The game tries to render 2d textures with a block depth of 16, (block depth should only be used on 3d textures), then overlaps them in a specific order of rendering and reinterprets that as a 3d texture. The solution we came up with was, to flush all textures in that memory area in the order of modification from last modified to newest and then read that memory as a 3D Texture.

While all the others were trying to fix graphical bugs, bunnei was still searching for ways to optimize performance of the game. He and Subv identfied a major issue - that we weren’t flushing data properly.

Flushing is the process of taking render buffers that were modified in the host-GPU and write them back to the guest RAM (Host - hardware, Guest - Switch). If you modify render buffers that were cached on the host-GPU but never flush them, then the games won’t see the latest version of those render buffers when they try to access them.

bunnei, over a couple of weeks, implemented flushing in the rasterizer cache and also for DMA transfers.
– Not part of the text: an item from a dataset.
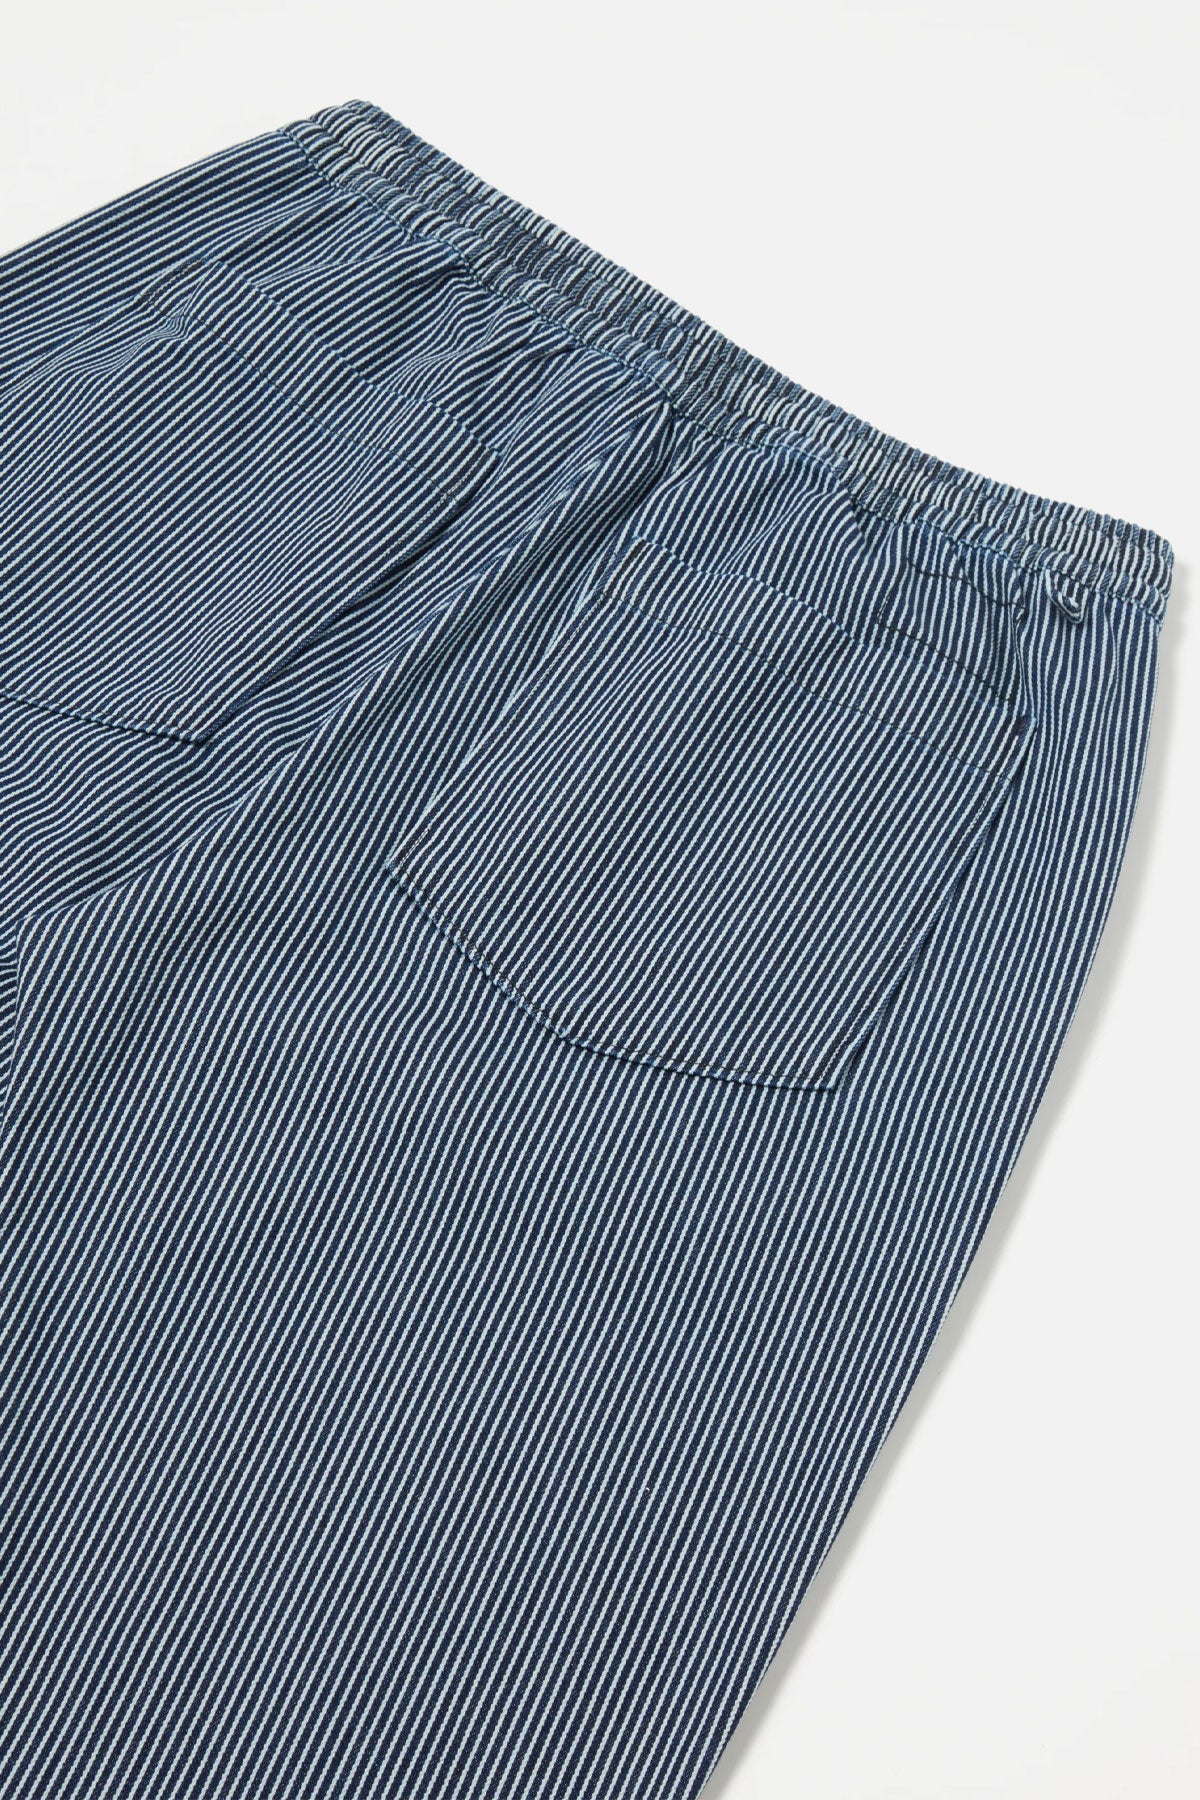 Universal Works - Hi Water Trouser In Indigo Hickory Stripe Denim

Along with these, he also implemented accelerated Fermi2D copies. Fermi2D is one of the engines inside the GPU. It is like a 2D transformation engine, where you feed it 2D images and you can do a bunch of transformations on it in the GPU. With accelerated copies, the surface copying was now simpler and faster and as an additional bonus, it fixed several things like the ice effect in SMO and the blur effect in One Piece.

Super Mario Odyssey

Super Mario Odyssey

One Piece

One Piece

Days went by without any new findings but then we finally hit a jackpot. Code investigation and reverse engineering led us to an issue where macros could be skipped. macros are command sequences sent to the guest GPU and since they were being skipped, it led to distant objects not being rendered in SMO.

Before

Before

After

After

bunnei fixed this by restructuring the way we uploaded these macros to the guest GPU. Instead of piping macro code into separate memory for each program, we now write it to a single macro memory region and then execute macros via the specified offset into this region. He also found a bug in our memory manager, where buffers were being mapped over memory which was already in use. By fixing that, we fixed the rendering when changing areas in SMO.

Before

After

New Features, Optimizations, and Fixes

But SMOzu yuzu isn’t a Super Mario Odyssey emulator, it’s a Nintendo Switch emulator. And as such, any efforts to fix or improve a single game will definitely impact other games too and thus many other games are reaping the benefits of sustained work.

Back-to-School

Let’s go back to school for a bit. What is rendering and how does it work on modern GPUs? Rendering is a very generic term which is basically can be defined as “creating an image”, which can be, obviously, created in many ways.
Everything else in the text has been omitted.